An amended and restated credit facility provides a $120 million borrowing base, under which PEDEVCO borrowed $87 million at closing. Following the automatic conversion, pre-transaction PEDEVCO holders are expected to own about 14.0% of the common stock, with Dr. Simon Kukes and Juniper affiliates expected to own roughly 33.1% and 52.8%, respectively. Majority shareholders holding about 70.5% of the vote approved the mergers, charter changes, reverse stock split authority, and an equity plan share increase by written consent, so no shareholder meeting or proxy is being solicited.
PEDEVCO Corp. filed an Amendment No. 2 to a prior current report related to its acquisition of North Peak Oil & Gas and Century Oil and Gas Sub-Holdings. The company previously closed these mergers and raised 6,363,637 shares of Series A Preferred Stock at $5.50 per share for total proceeds of $35,000,004. North Peak owns substantial oil-weighted producing assets and leasehold interests, including approximately 281,000 net acres in the Northern DJ and Powder River Basins.

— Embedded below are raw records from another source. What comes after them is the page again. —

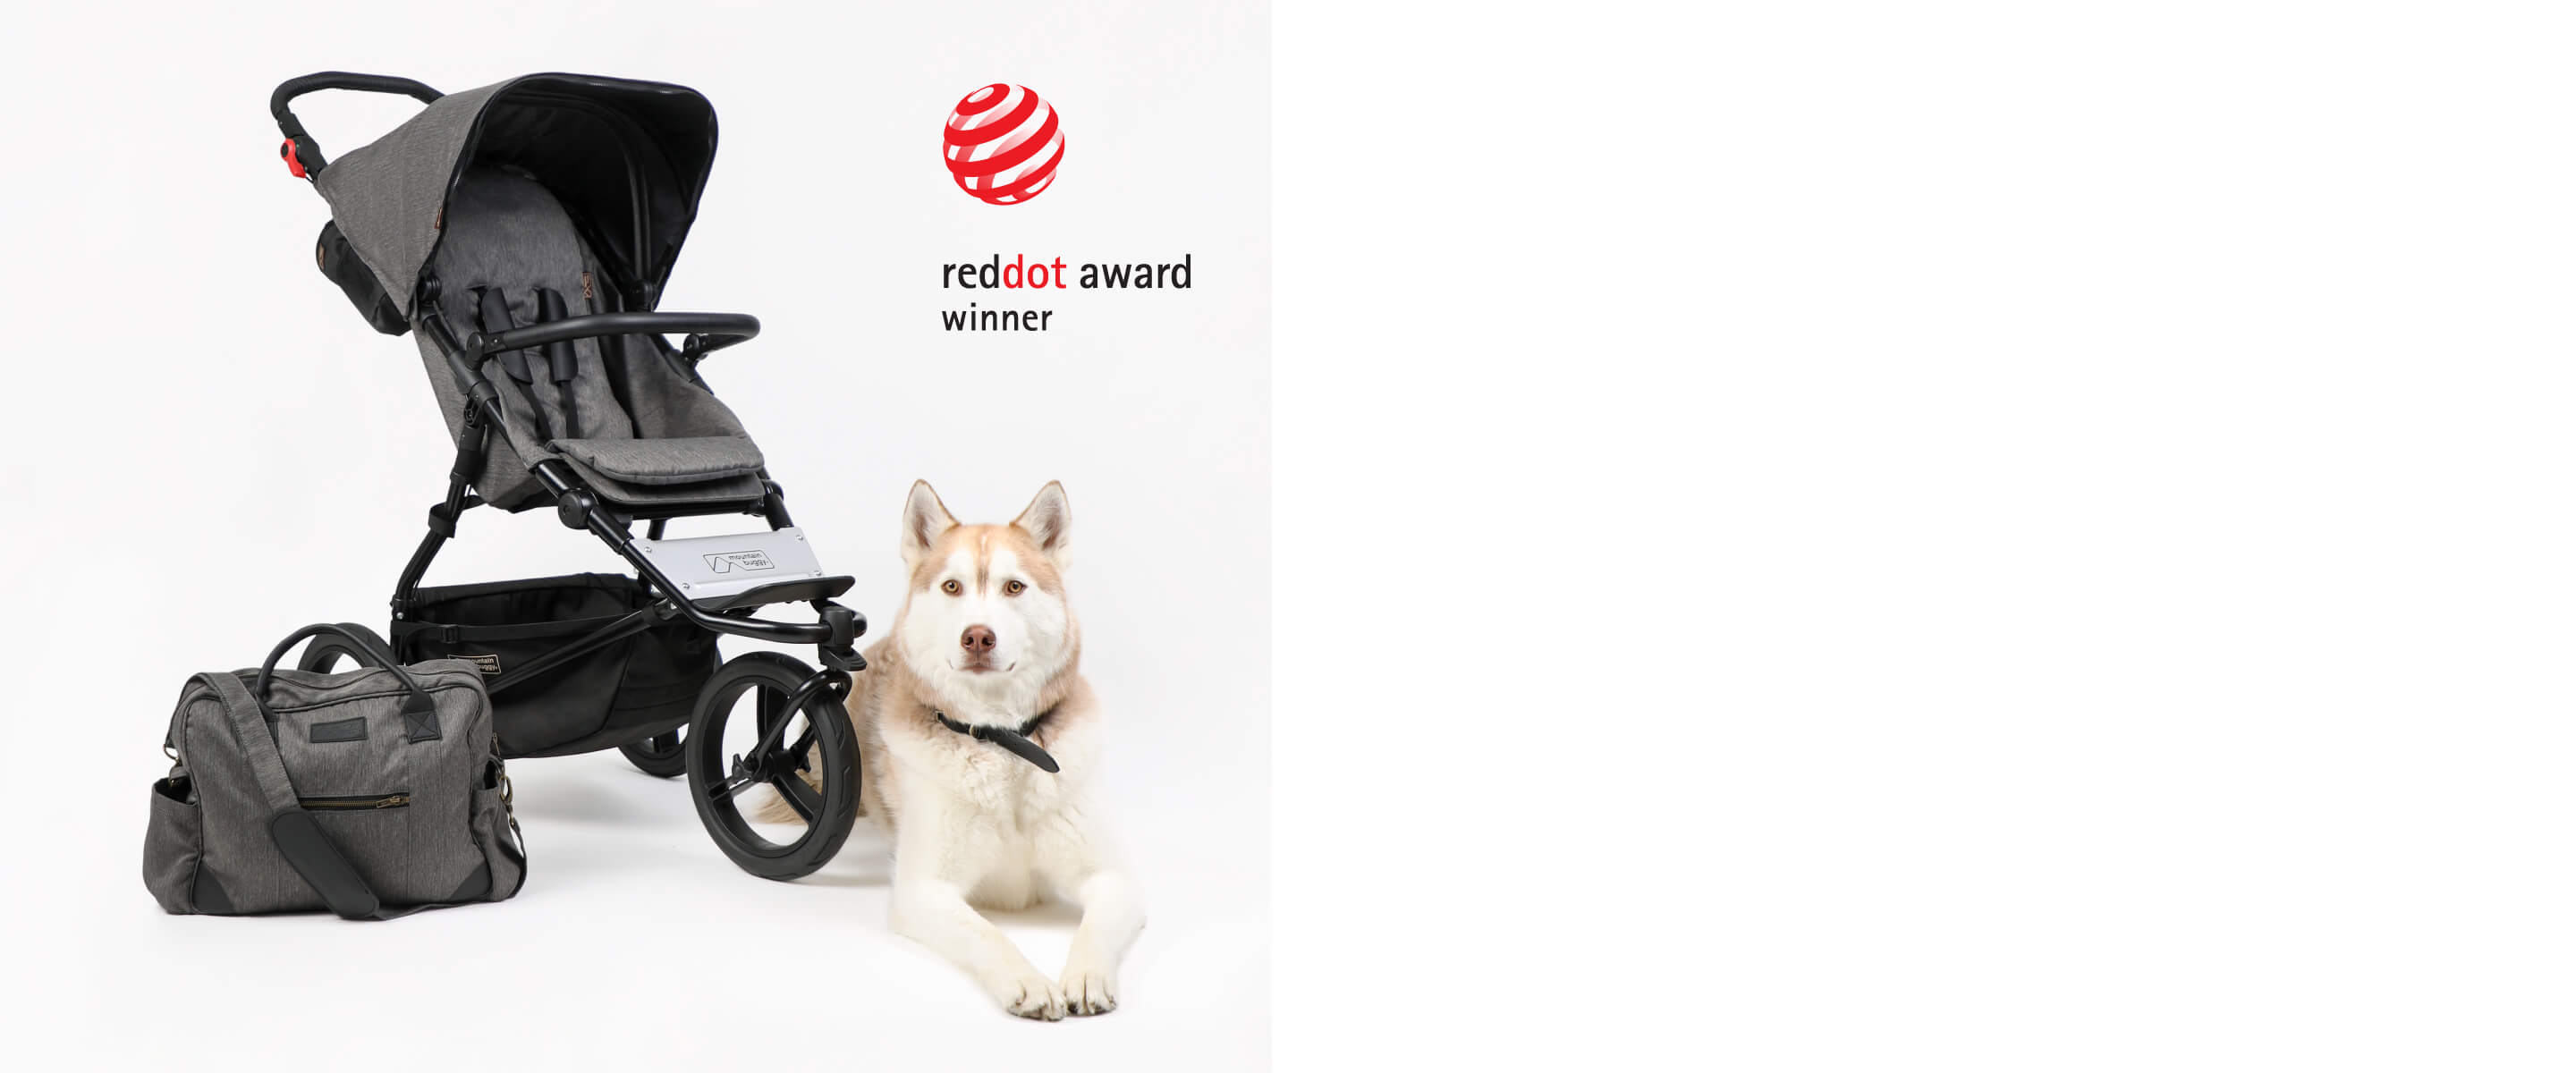 Red Dot award winnera thoughtful bundle from newborn to toddlercomplimentary warrantyparent facing options in one luxurious bundleworld class in safety and stability
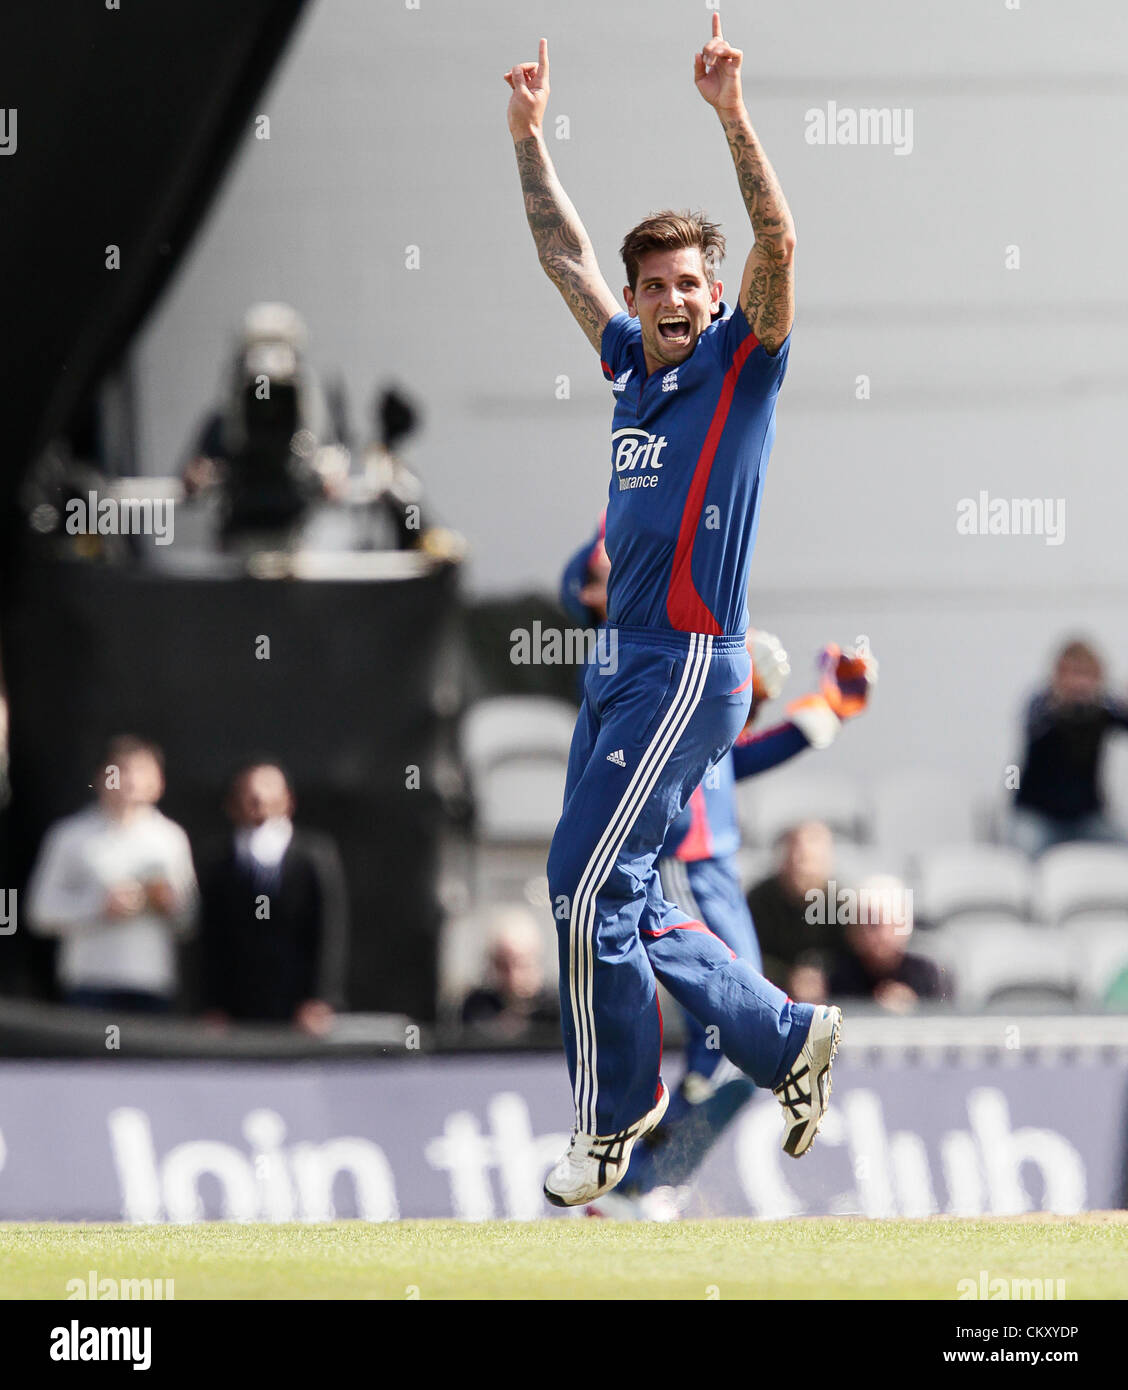 31-08-2012 London England Jade Dernbach claims his 2nd wicket having Parnell caught caught behind during the England v South Africa: 3rd Natwest ODI at The Kia Oval Cricket Ground Kennington London England. Stock Photo
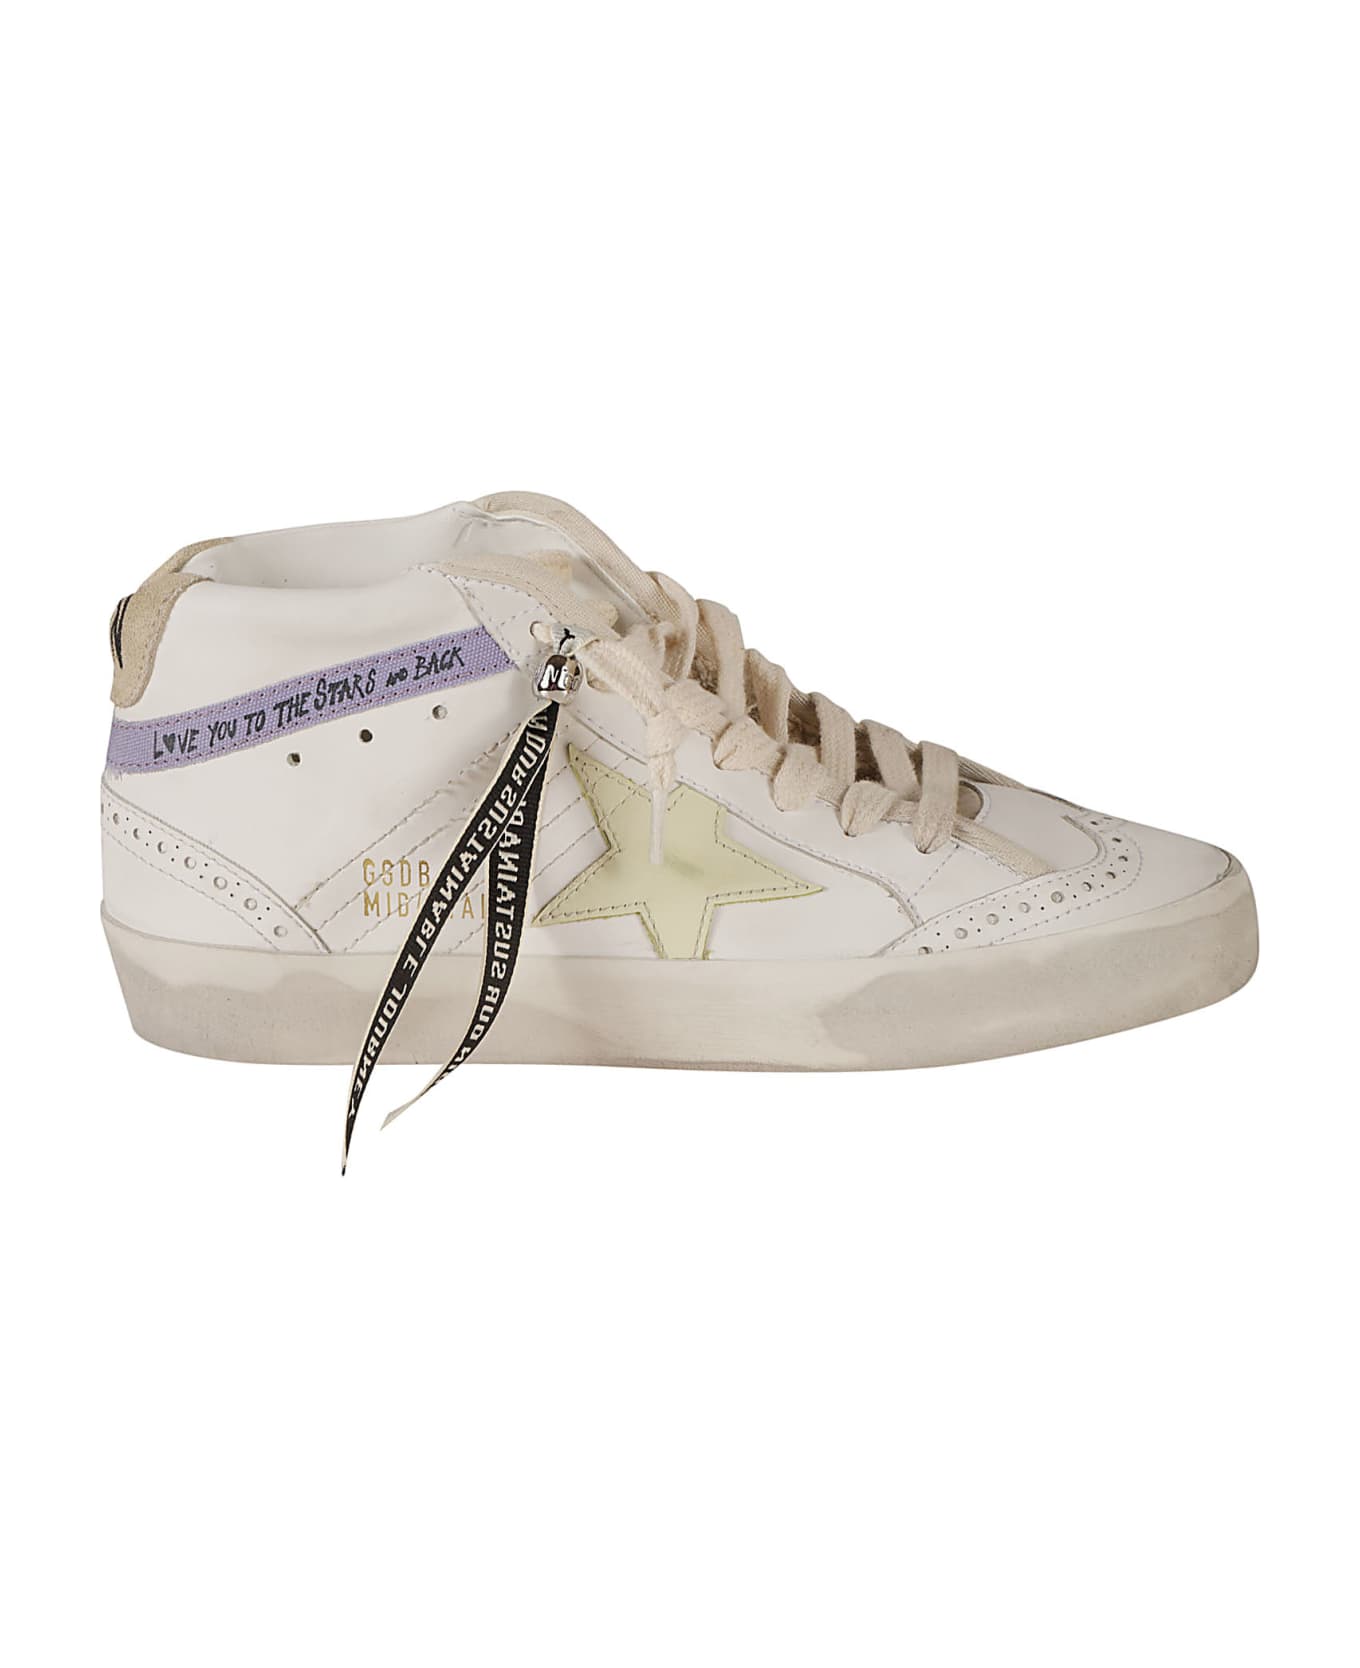 Golden Goose Mid Star Classic Sneakers - White/Beige/Light Yellow
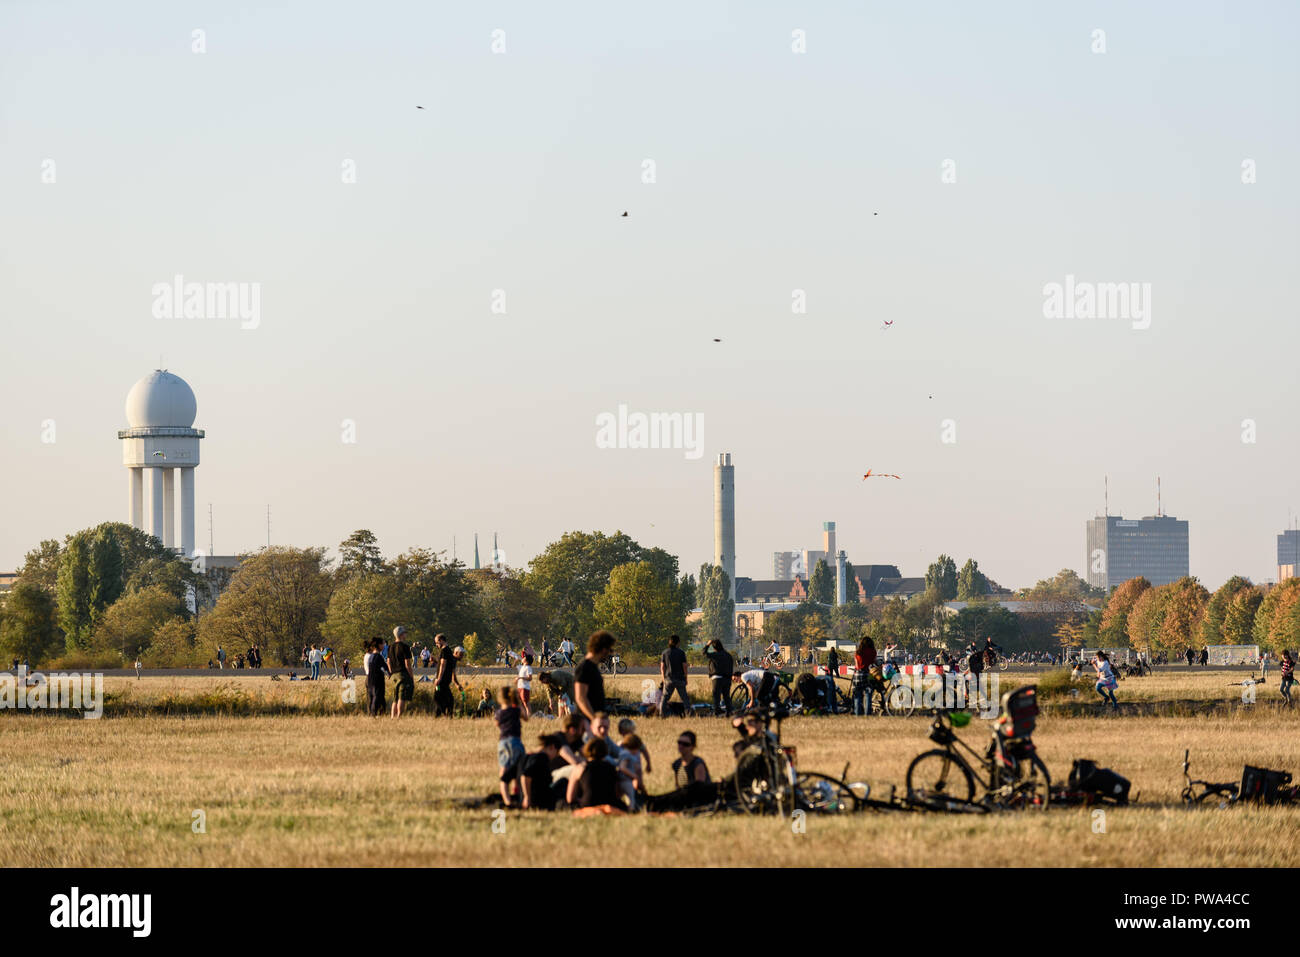 Visitors are seen on the Tempelhor field. The good weather in October brings many visitors to the park at the former Tempelhof Airport. Stock Photo

This amendment does not change the terms of the mergers or the financial results. Instead, it repackages North Peak’s audited and unaudited financial statements as searchable text and HTML tables to comply with SEC technical rules and adds an updated consent from Whitley Penn LLP so its audit report can be incorporated by reference into PEDEVCO’s existing registration statements. The pro forma financial information showing the combined company’s illustrative results is incorporated by reference and remains unchanged.